COMPOSITION DU TRIBUNAL
Juge de la Mise en Etat : Louis-Marie ARMANET
Greffier lors des débats Béatrice PAUL et lors du prononcé Alicia BARLOY
PROCEDURE
Grosse délivrée
le : 02 septembre 2025
à
Me Hélène LECRAS CROUZET
Débats tenus à l’audience publique du 03 juin 2025
Date de délibéré indiquée par le Juge de la mise en état : 02 septembre 2025
Les conseils des parties étant avisés, à l’issue des débats, que l’ordonnance sera prononcée par sa mise à disposition au greffe de la juridiction.
EXPOSE DU LITIGE
Par acte authentique reçu par Maître [Z], notaire à [Localité 4], le 27 novembre 2020, la SCCV ATELIER D'[Localité 4] a vendu à Madame [Y] [R] en l’état futur d’achèvement un appartement ainsi qu’une place de parking constituant les lots n°262 et 79 d’un ensemble immobilier situé [Adresse 3] à [Localité 4] (Bouches-du-Rhône) moyennant un prix de 195.000 euros et livrable au plus tard au cours du 1er trimestre 2022 sauf survenance d’un cas de force majeure ou de suspension du délai de livraison.
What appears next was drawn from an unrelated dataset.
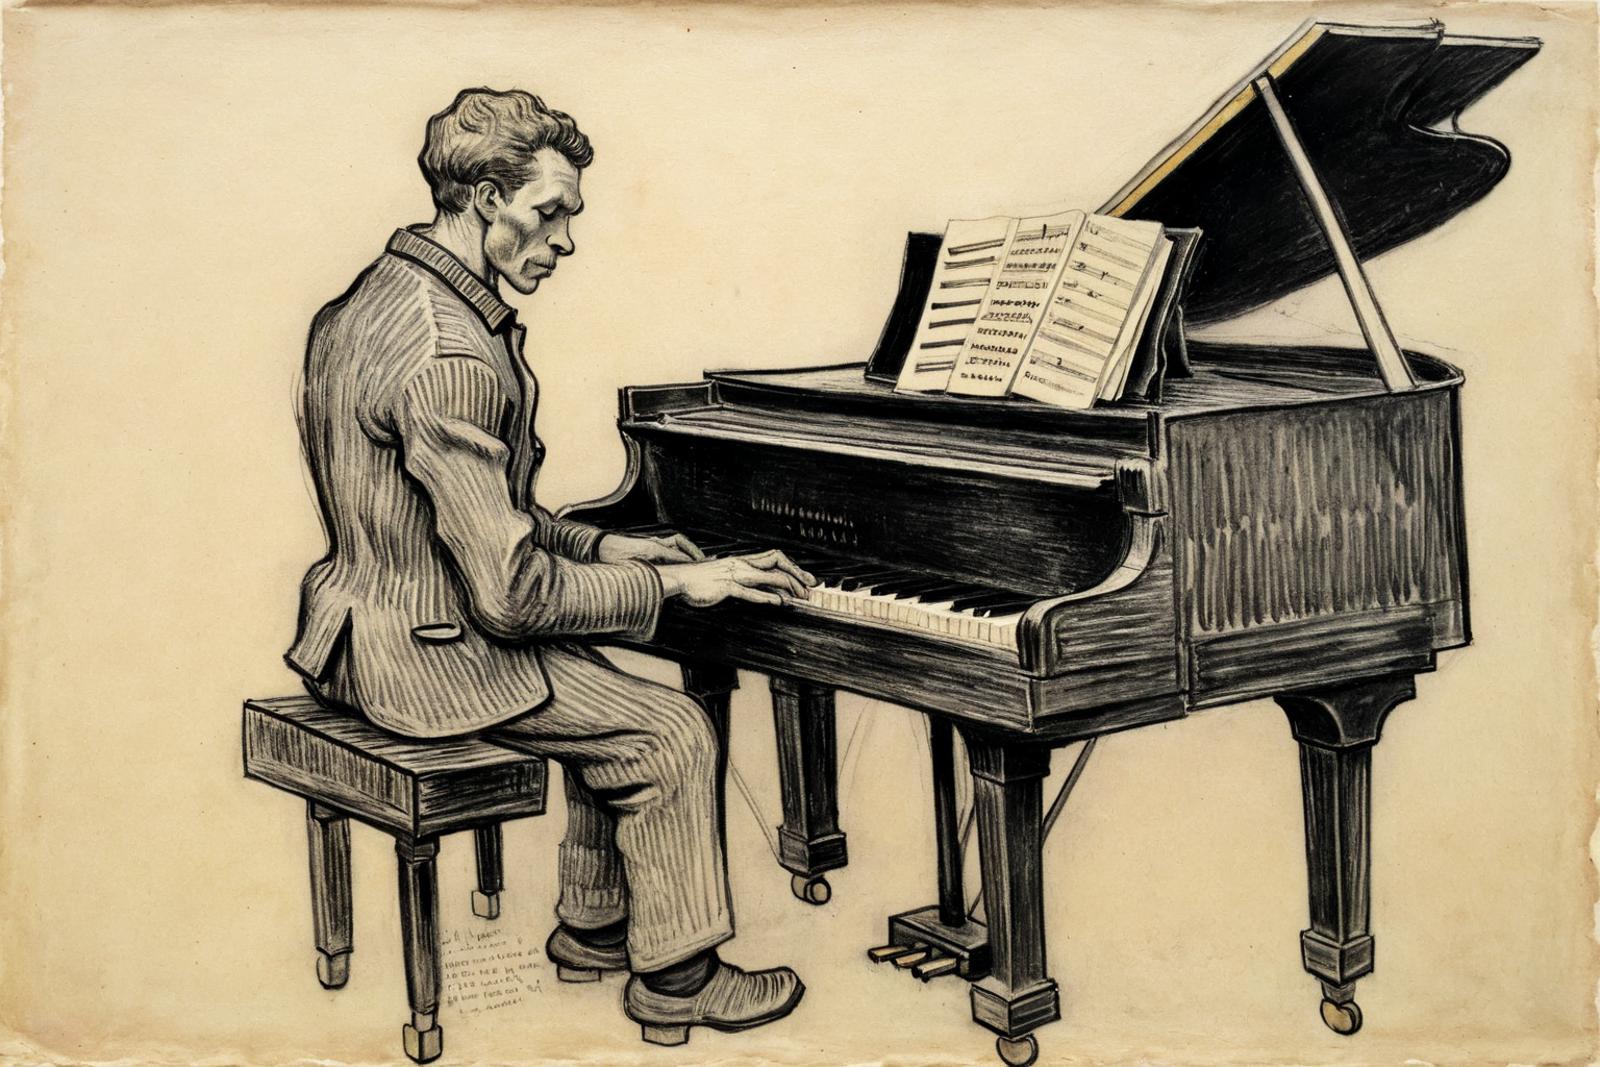 A man playing a piano with sheet music in front of him.
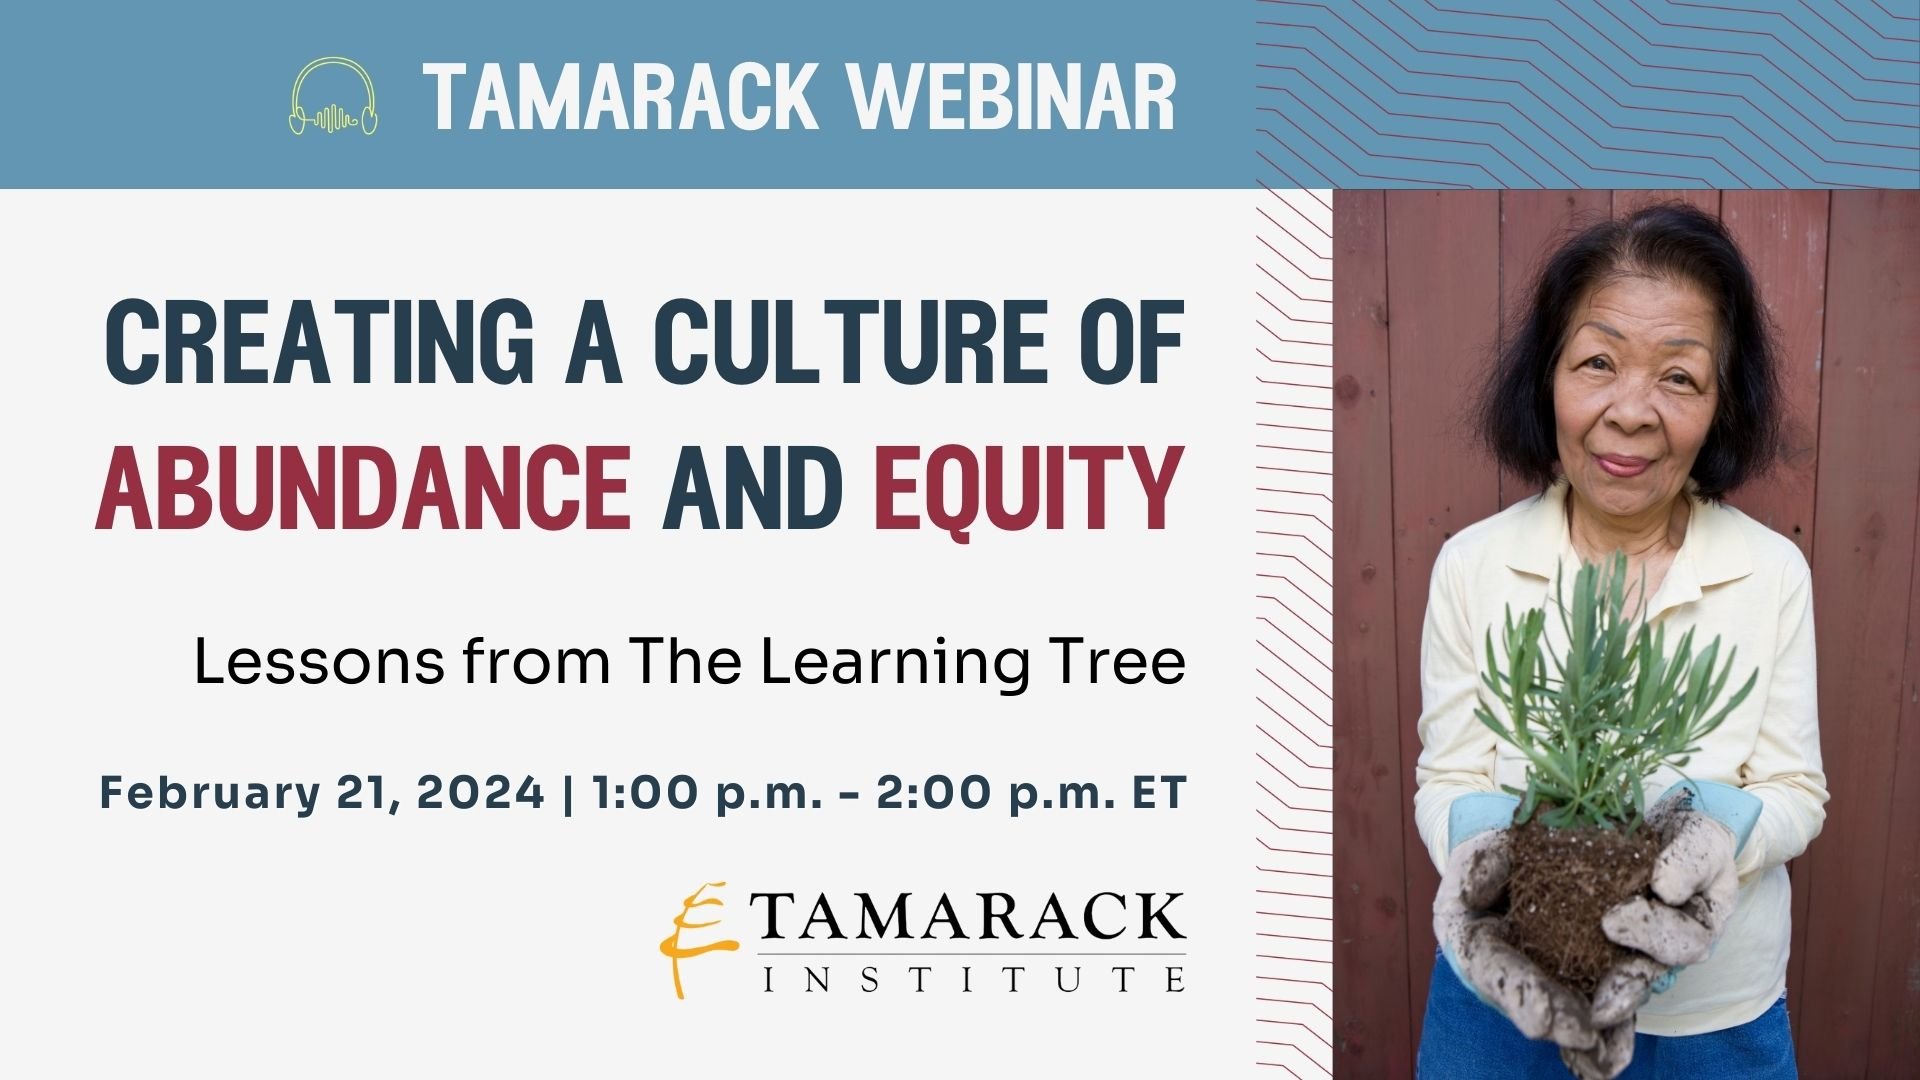 Creating a Culture of Abundance and Equity: Lessons from The Learning Tree

Faisant valoir que Madame [R] a refusé à deux reprises la livraison de son bien alors que son achèvement n’était pas contesté, de sorte que le logement était habitable et que le solde du prix était dû, la SCCV ATELIER D’ARLES a saisi le juge des référés du tribunal judiciaire de Tarascon qui, par ordonnance du 10 février 2023, a dit n’y avoir lieu à référé sur les demandes des parties qui portaient sur le paiement du solde du prix de vente et la prise de possession de l’appartement par l’acquéreuse.
La livraison de l’appartement est intervenue le 10 mai 2023.
Faisant valoir que le retard de livraison de l’appartement lui a causé des préjudices financiers, Madame [Y] [R] a, par acte du 19 septembre 2023, fait assigner la SCCV ATELIER D’ARLES devant le tribunal judiciaire de Tarascon aux fins de voir, au visa de l’article 1231-1 du code civil :
déclarer la SCCV ATELIER D'[Localité 4] responsable du retard de livraison de l’appartement de quasiment un an (livraison le 10 mai 2023, et des préjudices subis par Madame [R], en conséquence, condamner la SCCV ATELIER D'[Localité 4] à payer à Madame [R] les sommes suivantes :216 euros au titre du préjudice financier lié au paiement pendant un an de l’assurance habitation,10.860 euros au titre du préjudice financier lié à l’absence de location de l’appartement et du parking pendant un an, 3.900 euros au titre de la perte de l’avantage fiscal de son acquisition en loi PINEL,1.116 euros au titre des intérêts intercalaires,condamner la SCCV ATELIER D'[Localité 4] à payer à Madame [R] une somme de 3.000 euros sur le fondement des dispositions de l’article 700 du code de procédure civile outre les entiers dépens, dire n’y avoir lieu à écarter l’exécution provisoire de la décision à intervenir.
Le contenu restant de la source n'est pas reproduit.